Protein conformational changes induced by 1,1'-bis(4-anilino-5-naphthalenesulfonic acid): preferential binding to the molten globule of DnaK.

1,1'-Bis(4-anilino-5-naphthalenesulfonic acid) (bis-ANS), a hydrophobic fluorescent molecular probe which has been shown to bind to compact intermediate states of proteins (molten globules) and also to many nucleotide binding sites, induces a conformational change in DnaK by preferentially binding to its partially folded intermediate state (I) and thus shifting the equilibrium from favoring the native state (N) to favoring the I state. The conformational change was detected by CD, fluorescence emission, size exclusion chromatography, and small-angle X-ray scattering. The presence of bis-ANS significantly decreases the midpoint, Tm, of the initial transition (N-->I) in the thermal unfolding of DnaK, resulting in the apparent destabilization of the native state of DnaK. There is a linear correlation between the apparent free energy (reflected by Tm) of this transition and the concentration of bis-ANS. Bis-ANS does not affect the midpoint of the transition for DnaK from the intermediate to the unfolded state (U). An additional small transition from I to I*, a more expanded intermediate state, was observed, suggesting that the thermal denaturation of DnaK proceeds via a four-state (N-->I-->I*-->U) unfolding process.
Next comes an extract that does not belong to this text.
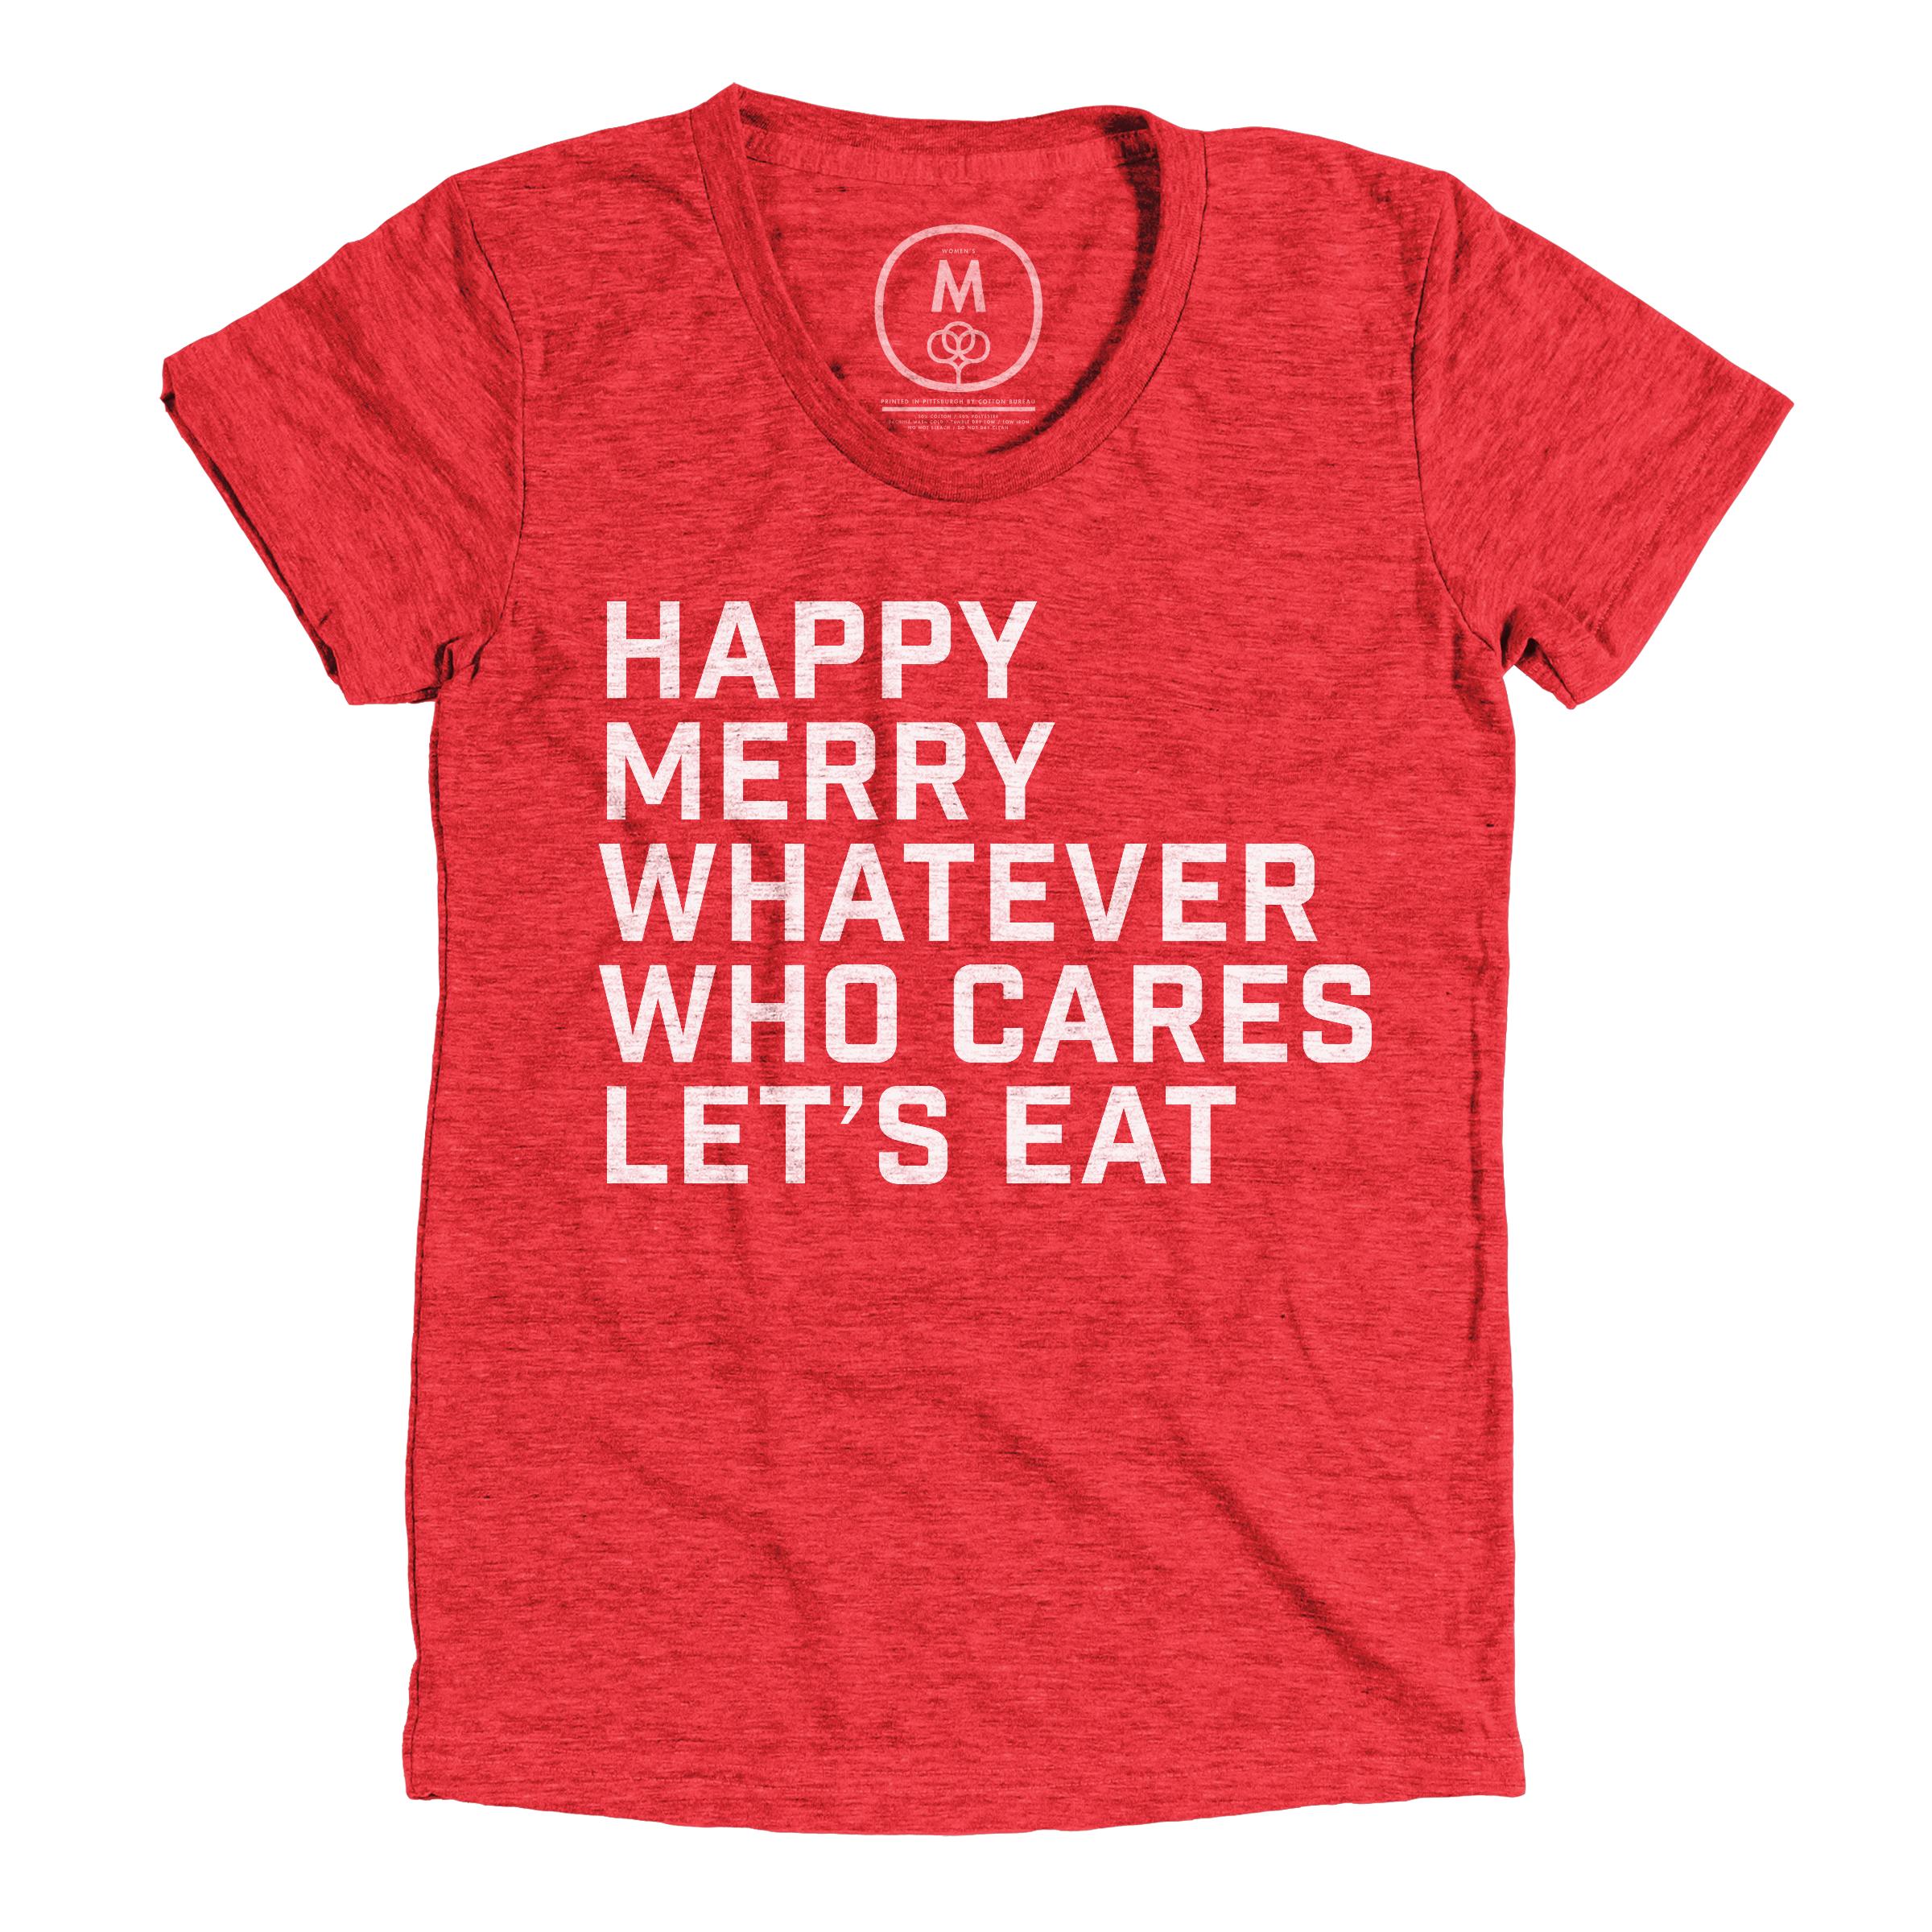 Let's Eat Vintage Red (Women's)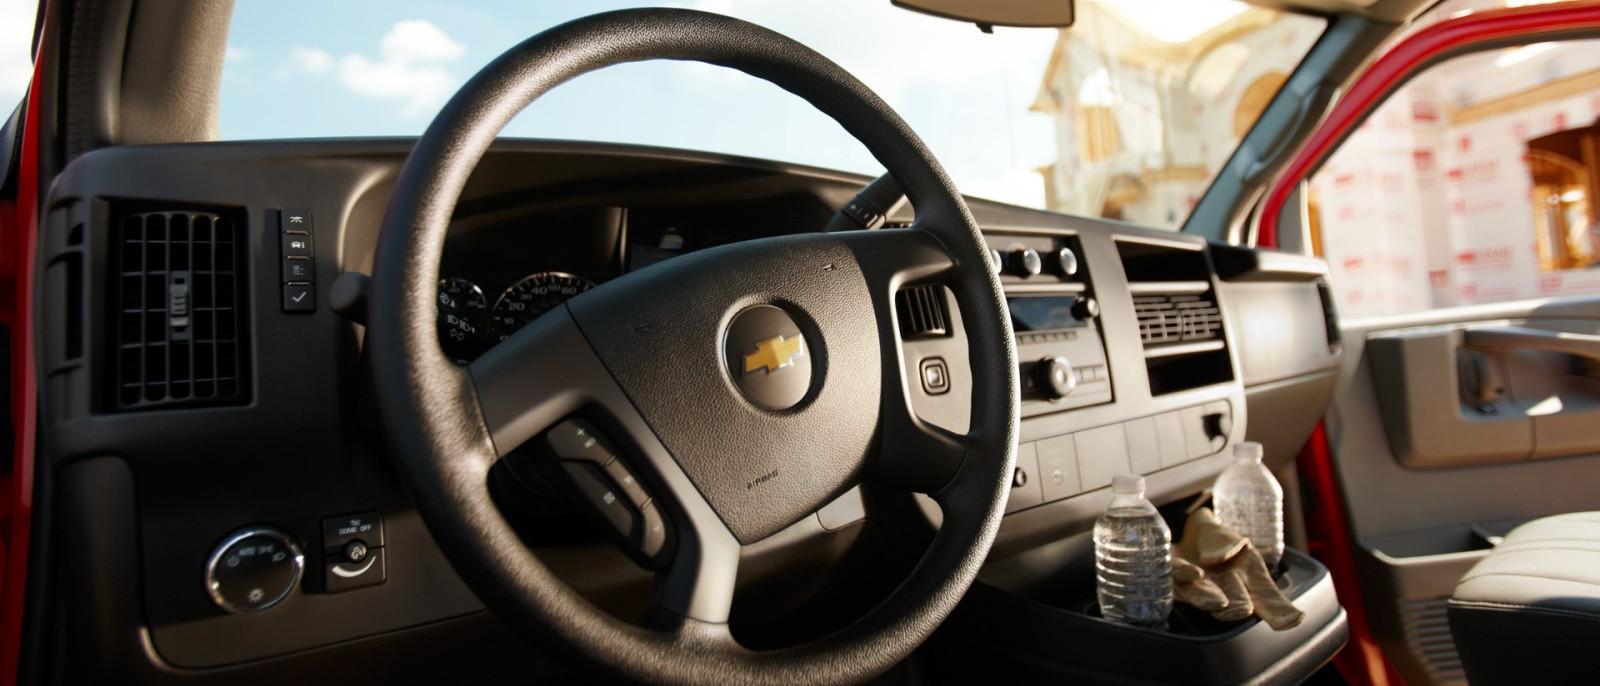 2014 Chevy Express Interior

The addition of nucleotides, ADP or ATP, to the DnaK-bis-ANS complex causes a decrease in bis-ANS fluorescence emission due to the release of bound bis-ANS from the intermediate state of DnaK. This is due to preferential binding of the nucleotide to the native state of DnaK, resulting in a shift in the equilibrium from the intermediate toward the native state rather than the direct displacement of bis-ANS bound in the nucleotide binding site. Denaturation of DnaK induced by bis-ANS can be minimized by working at a temperature much lower than the Tm of the protein, at low dye concentration, and in the presence of nucleotide. Under these conditions, bis-ANS binds to the native state of DnaK.